Try it ▸ Please write out, exactly as they appear, the line containing "NuPaper® M-Fold Paper" and every line after it to the end of the records, and nothing more.

[[ Dataset extract, beginning ]]

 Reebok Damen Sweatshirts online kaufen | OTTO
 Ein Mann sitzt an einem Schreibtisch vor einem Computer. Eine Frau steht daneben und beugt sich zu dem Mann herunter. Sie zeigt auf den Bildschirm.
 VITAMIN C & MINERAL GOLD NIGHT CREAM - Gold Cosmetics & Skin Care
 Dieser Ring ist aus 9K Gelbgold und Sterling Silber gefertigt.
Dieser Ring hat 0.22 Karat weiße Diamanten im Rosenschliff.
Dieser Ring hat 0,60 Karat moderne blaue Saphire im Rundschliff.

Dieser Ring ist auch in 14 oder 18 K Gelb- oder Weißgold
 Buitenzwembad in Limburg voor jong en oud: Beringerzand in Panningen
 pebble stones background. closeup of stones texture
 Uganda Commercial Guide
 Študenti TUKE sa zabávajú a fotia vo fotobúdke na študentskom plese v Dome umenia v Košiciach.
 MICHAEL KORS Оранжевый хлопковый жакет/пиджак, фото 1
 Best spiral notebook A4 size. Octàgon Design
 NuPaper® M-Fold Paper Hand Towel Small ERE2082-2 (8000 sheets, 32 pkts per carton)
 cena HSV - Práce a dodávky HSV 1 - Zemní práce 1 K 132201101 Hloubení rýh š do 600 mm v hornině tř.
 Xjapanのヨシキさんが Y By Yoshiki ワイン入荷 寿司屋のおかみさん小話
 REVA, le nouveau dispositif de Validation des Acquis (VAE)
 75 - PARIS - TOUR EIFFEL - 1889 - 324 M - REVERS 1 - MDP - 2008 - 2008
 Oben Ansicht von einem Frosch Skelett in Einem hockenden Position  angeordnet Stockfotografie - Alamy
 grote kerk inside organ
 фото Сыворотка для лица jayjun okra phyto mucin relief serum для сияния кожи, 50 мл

[[ Dataset extract, end ]]

Output below ▸
 NuPaper® M-Fold Paper Hand Towel Small ERE2082-2 (8000 sheets, 32 pkts per carton)
 cena HSV - Práce a dodávky HSV 1 - Zemní práce 1 K 132201101 Hloubení rýh š do 600 mm v hornině tř.
 Xjapanのヨシキさんが Y By Yoshiki ワイン入荷 寿司屋のおかみさん小話
 REVA, le nouveau dispositif de Validation des Acquis (VAE)
 75 - PARIS - TOUR EIFFEL - 1889 - 324 M - REVERS 1 - MDP - 2008 - 2008
 Oben Ansicht von einem Frosch Skelett in Einem hockenden Position  angeordnet Stockfotografie - Alamy
 grote kerk inside organ
 фото Сыворотка для лица jayjun okra phyto mucin relief serum для сияния кожи, 50 мл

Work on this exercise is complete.